→ **Problem to solve**
For this exercise, repeat the listing below from its first line through the line containing "The ribbed cuff", exactly as written.
****************************************
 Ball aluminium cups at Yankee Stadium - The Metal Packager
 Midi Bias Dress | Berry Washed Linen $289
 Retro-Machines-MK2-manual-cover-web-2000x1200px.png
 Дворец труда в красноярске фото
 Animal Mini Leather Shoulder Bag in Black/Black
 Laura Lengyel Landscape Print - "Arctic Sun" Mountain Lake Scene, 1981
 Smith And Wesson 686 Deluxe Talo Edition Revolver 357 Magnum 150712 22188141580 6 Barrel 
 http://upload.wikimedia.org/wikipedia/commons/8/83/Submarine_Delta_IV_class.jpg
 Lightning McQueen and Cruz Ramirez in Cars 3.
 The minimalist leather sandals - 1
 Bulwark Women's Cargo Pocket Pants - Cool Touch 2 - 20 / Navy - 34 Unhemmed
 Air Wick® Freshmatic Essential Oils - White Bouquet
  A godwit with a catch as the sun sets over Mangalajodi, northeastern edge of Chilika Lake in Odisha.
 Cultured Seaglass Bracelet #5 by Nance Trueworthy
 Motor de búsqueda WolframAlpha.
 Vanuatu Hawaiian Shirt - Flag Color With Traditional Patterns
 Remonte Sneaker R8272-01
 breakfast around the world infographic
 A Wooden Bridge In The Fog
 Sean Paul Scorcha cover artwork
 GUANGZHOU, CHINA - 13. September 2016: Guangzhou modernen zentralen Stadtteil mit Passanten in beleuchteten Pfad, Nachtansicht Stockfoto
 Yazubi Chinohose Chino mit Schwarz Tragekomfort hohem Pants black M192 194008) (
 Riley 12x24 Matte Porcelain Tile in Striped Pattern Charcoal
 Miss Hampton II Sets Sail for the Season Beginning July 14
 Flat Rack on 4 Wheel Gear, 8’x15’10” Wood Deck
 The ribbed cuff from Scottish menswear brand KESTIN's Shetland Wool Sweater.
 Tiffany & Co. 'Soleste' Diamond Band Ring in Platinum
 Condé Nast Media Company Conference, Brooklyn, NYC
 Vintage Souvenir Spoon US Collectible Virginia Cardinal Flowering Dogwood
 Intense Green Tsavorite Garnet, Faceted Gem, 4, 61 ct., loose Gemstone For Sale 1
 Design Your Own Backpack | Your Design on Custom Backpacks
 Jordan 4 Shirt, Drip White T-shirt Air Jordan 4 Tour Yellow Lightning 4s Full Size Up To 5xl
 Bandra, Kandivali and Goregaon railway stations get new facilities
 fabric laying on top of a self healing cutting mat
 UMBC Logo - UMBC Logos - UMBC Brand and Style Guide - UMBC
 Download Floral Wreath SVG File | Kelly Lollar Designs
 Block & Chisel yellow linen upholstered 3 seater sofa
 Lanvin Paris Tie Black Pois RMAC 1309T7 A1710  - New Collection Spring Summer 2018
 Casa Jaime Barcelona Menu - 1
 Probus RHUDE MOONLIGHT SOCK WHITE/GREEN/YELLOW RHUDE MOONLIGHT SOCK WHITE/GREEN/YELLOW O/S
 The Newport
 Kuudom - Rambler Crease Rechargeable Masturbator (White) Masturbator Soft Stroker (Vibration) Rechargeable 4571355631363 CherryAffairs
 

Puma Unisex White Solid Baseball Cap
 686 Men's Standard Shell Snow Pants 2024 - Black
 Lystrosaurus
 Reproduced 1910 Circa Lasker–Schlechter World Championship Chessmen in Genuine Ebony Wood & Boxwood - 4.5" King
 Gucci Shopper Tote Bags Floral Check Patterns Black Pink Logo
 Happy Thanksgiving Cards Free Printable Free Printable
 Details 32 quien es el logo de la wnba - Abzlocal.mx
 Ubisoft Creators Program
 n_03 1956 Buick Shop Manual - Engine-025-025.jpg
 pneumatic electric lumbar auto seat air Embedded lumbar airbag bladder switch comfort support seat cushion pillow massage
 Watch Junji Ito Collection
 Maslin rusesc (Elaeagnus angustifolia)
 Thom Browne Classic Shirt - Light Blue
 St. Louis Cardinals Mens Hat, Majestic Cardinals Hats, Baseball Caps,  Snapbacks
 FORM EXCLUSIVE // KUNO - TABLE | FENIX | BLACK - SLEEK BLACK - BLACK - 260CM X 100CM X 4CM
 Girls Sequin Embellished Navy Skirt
****************************************
→ **Result**
 Ball aluminium cups at Yankee Stadium - The Metal Packager
 Midi Bias Dress | Berry Washed Linen $289
 Retro-Machines-MK2-manual-cover-web-2000x1200px.png
 Дворец труда в красноярске фото
 Animal Mini Leather Shoulder Bag in Black/Black
 Laura Lengyel Landscape Print - "Arctic Sun" Mountain Lake Scene, 1981
 Smith And Wesson 686 Deluxe Talo Edition Revolver 357 Magnum 150712 22188141580 6 Barrel 
 http://upload.wikimedia.org/wikipedia/commons/8/83/Submarine_Delta_IV_class.jpg
 Lightning McQueen and Cruz Ramirez in Cars 3.
 The minimalist leather sandals - 1
 Bulwark Women's Cargo Pocket Pants - Cool Touch 2 - 20 / Navy - 34 Unhemmed
 Air Wick® Freshmatic Essential Oils - White Bouquet
  A godwit with a catch as the sun sets over Mangalajodi, northeastern edge of Chilika Lake in Odisha.
 Cultured Seaglass Bracelet #5 by Nance Trueworthy
 Motor de búsqueda WolframAlpha.
 Vanuatu Hawaiian Shirt - Flag Color With Traditional Patterns
 Remonte Sneaker R8272-01
 breakfast around the world infographic
 A Wooden Bridge In The Fog
 Sean Paul Scorcha cover artwork
 GUANGZHOU, CHINA - 13. September 2016: Guangzhou modernen zentralen Stadtteil mit Passanten in beleuchteten Pfad, Nachtansicht Stockfoto
 Yazubi Chinohose Chino mit Schwarz Tragekomfort hohem Pants black M192 194008) (
 Riley 12x24 Matte Porcelain Tile in Striped Pattern Charcoal
 Miss Hampton II Sets Sail for the Season Beginning July 14
 Flat Rack on 4 Wheel Gear, 8’x15’10” Wood Deck
 The ribbed cuff from Scottish menswear brand KESTIN's Shetland Wool Sweater.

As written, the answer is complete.